He preferred to dig

Louis Agassiz's grave in the famous-dead-person-rich Mount Auburn Cemetery, which straddles Cambridge and Watertown, Mass.   It’s  a boulder from the moraine of the Aar Glaciers, near where he once lived in Switzerland.

Louis Agassiz's grave in the famous-dead-person-rich Mount Auburn Cemetery, which straddles Cambridge and Watertown, Mass. It’s a boulder from the moraine of the Aar Glaciers, near where he once lived in Switzerland.

“I cannot afford to waste my time making money.’’

— Louis Agassiz (1807-1873), Swiss-born geologist and biologist recognized as an innovative and prodigious scholar of Earth's natural history.

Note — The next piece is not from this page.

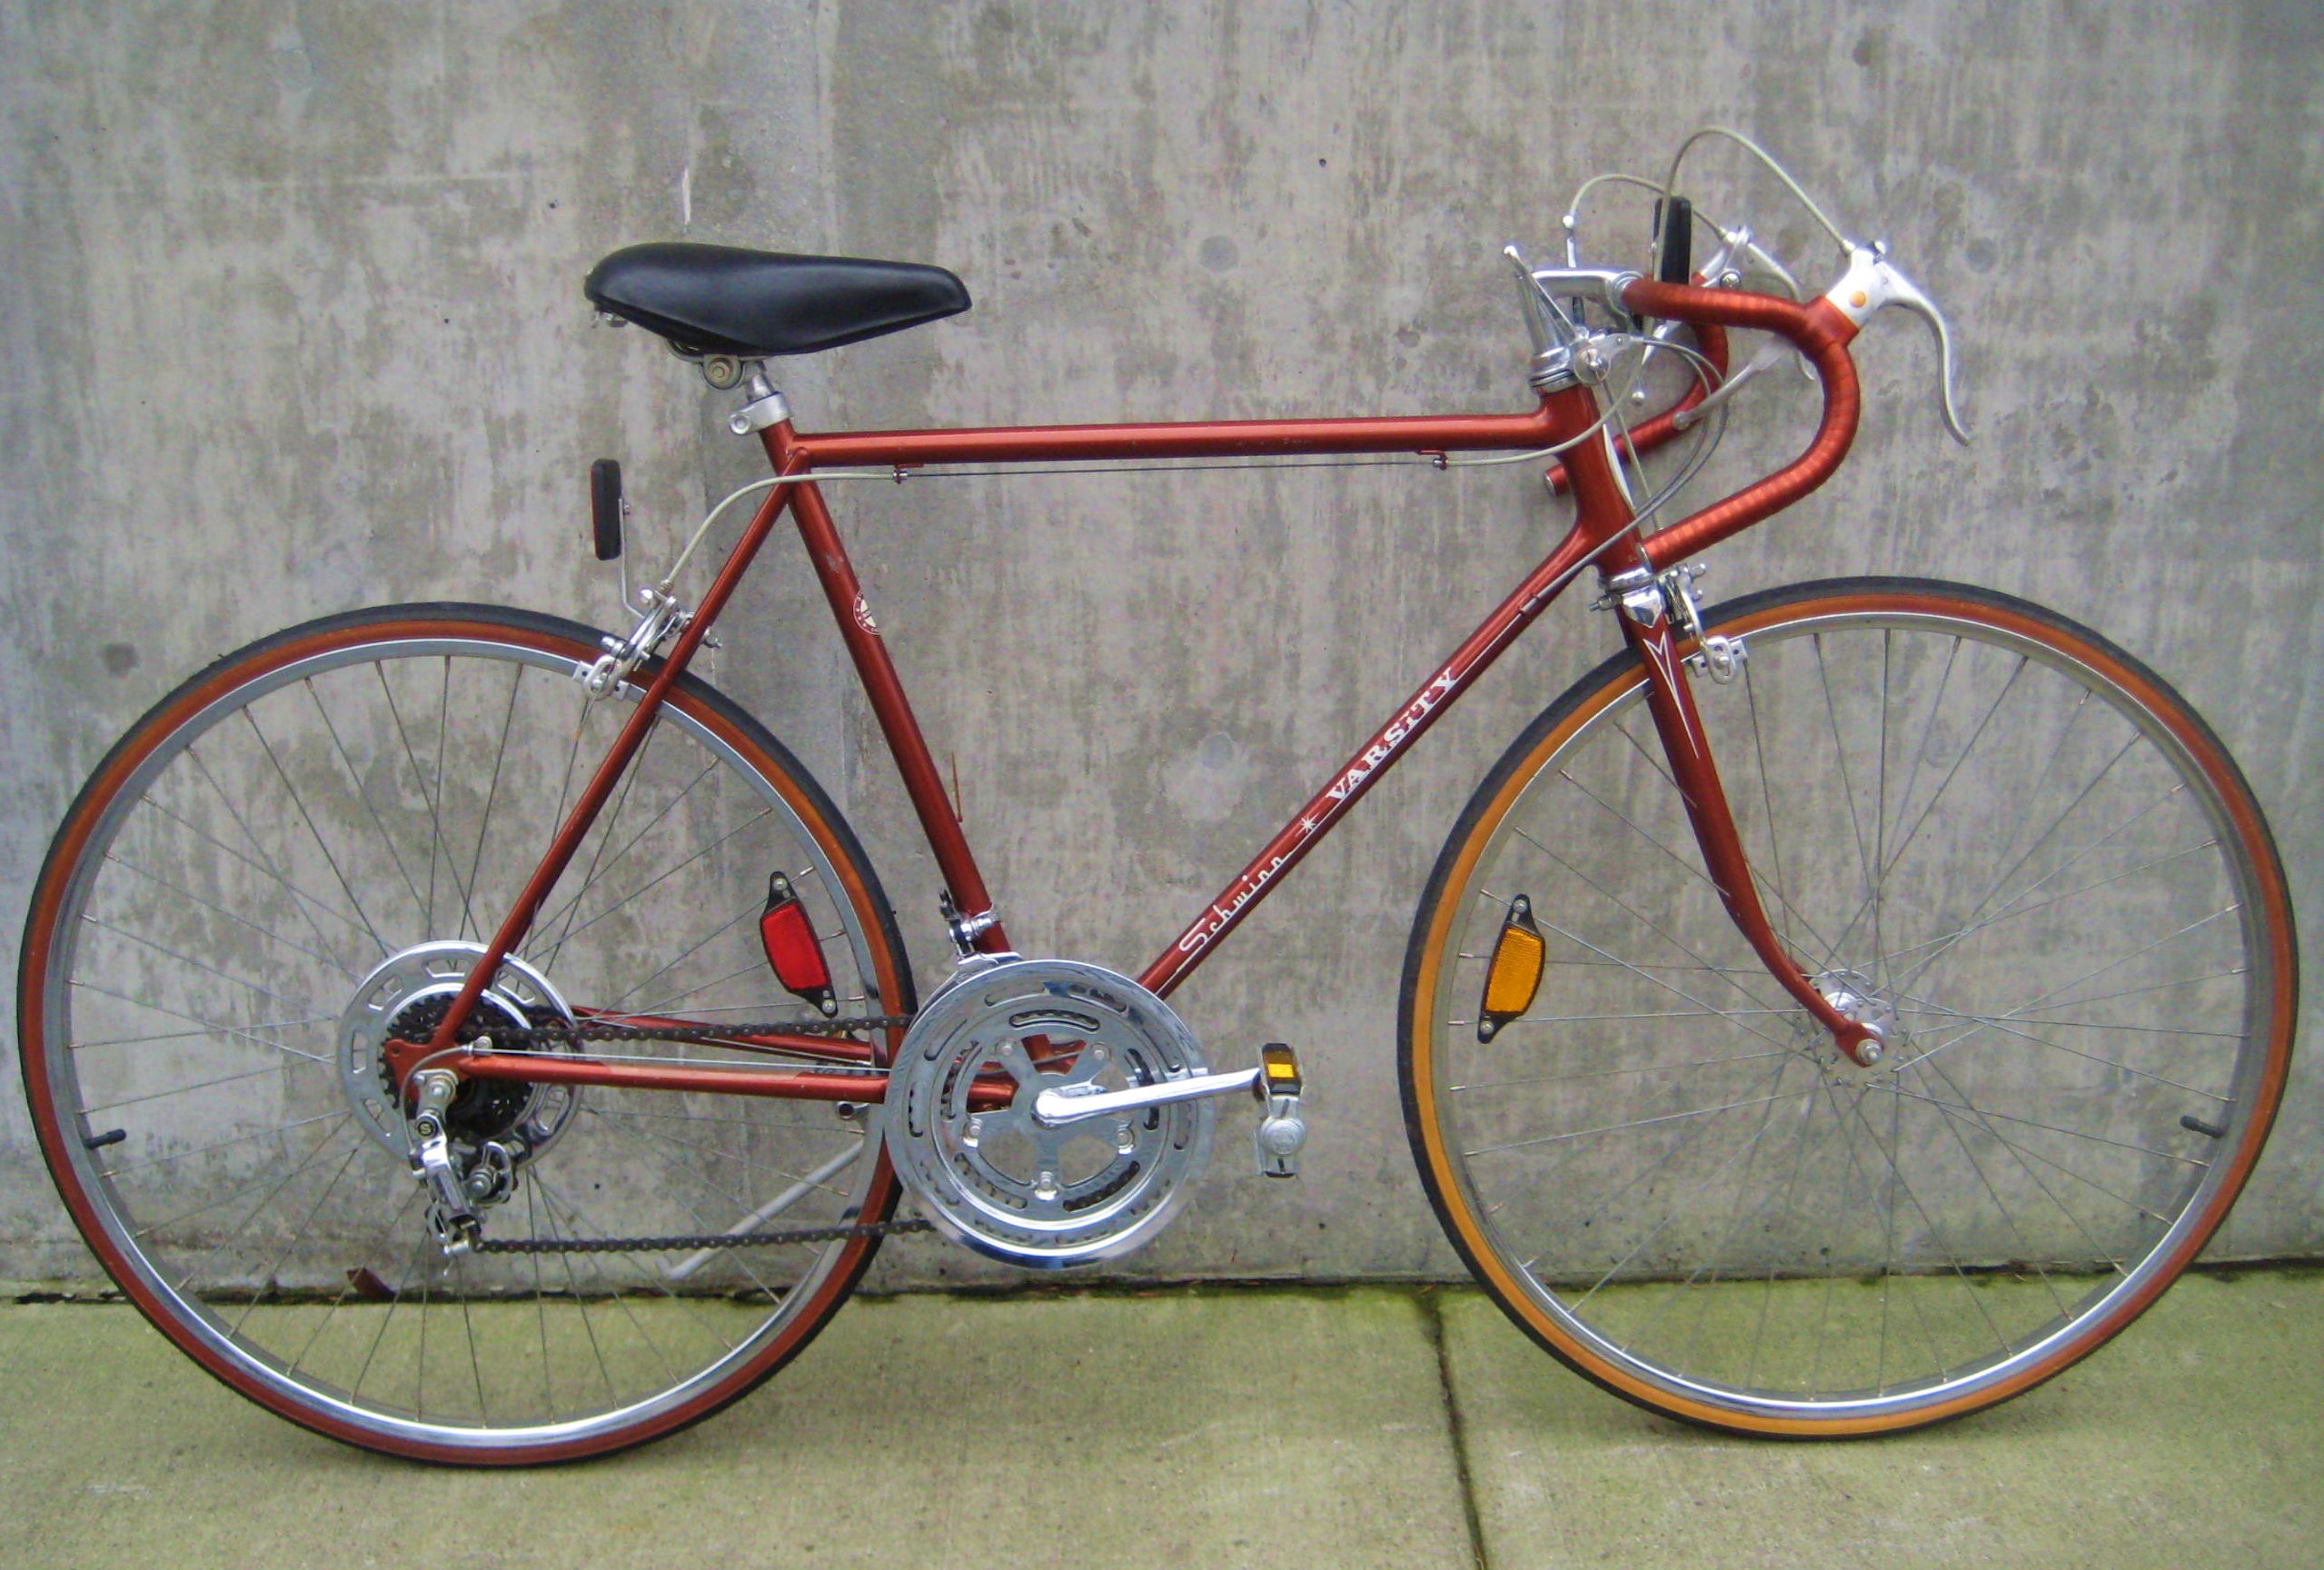 1975 Schwinn Varsity Sport bicycle at Classic Cycle Classic Cycle

He emigrated to the United States in 1847 after he visited Harvard University, where he went on to become professor of zoology and geology, to head its Lawrence Scientific School and to found its Museum of Comparative Zoology.

He made vast institutional and scientific contributions to zoology, geology, and related areas, including writing multivolume research books. He is particularly known for his contributions to ichthyological classification, including of extinct species such as megalodon, and to the study of geological history, including the founding of glaciology.

But unfortunately, a Creationist, he resisted the Darwinian theory of evolution and shared in the racism of his times.